#### [DATA EXCERPT]
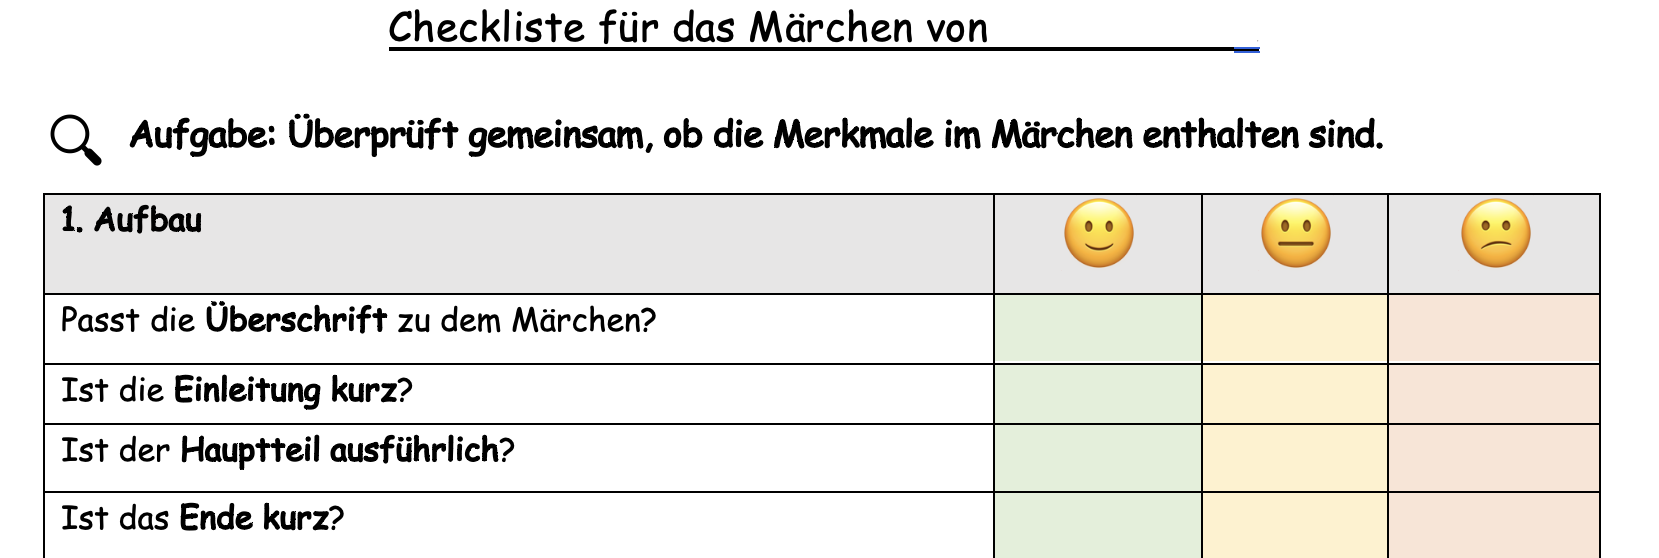 Checkliste Märchen.png
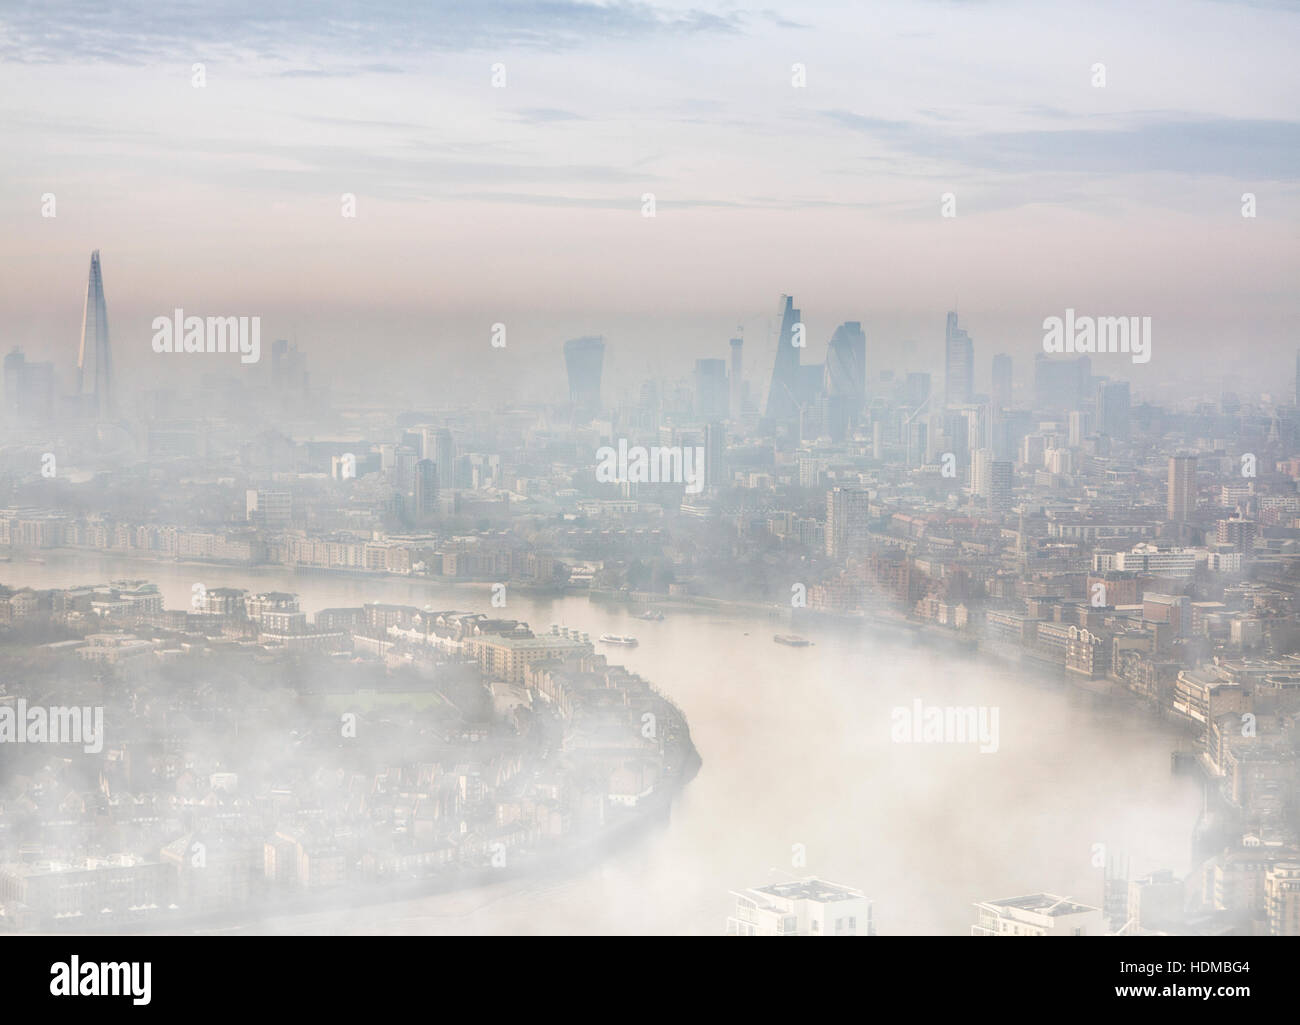 La haute finance sur un jour brumeux la City de Londres, le quartier financier de Canary Wharf dans les Docklands au crépuscule Banque D'Images
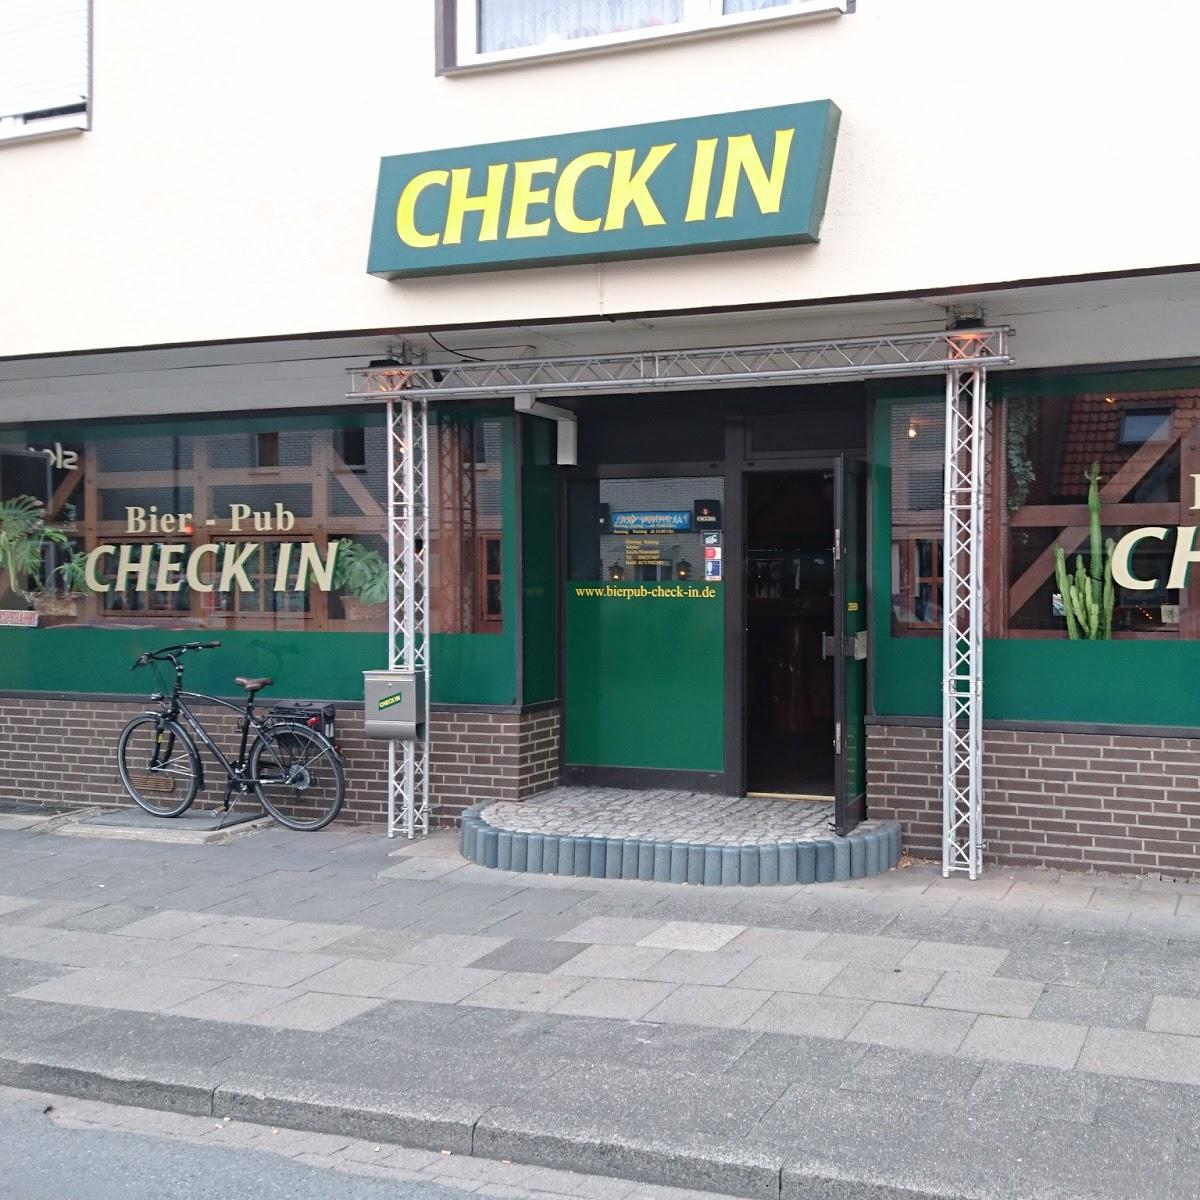 Restaurant "Bier-Pub CHECK IN" in Versmold

#### [WORK TO BE COMPLETED]
The output has to match the data above line for line, except that pictures are dropped.

#### [RESPONSE BOX]
 Checkliste Märchen.png
 La haute finance sur un jour brumeux la City de Londres, le quartier financier de Canary Wharf dans les Docklands au crépuscule Banque D'Images
 Restaurant "Bier-Pub CHECK IN" in Versmold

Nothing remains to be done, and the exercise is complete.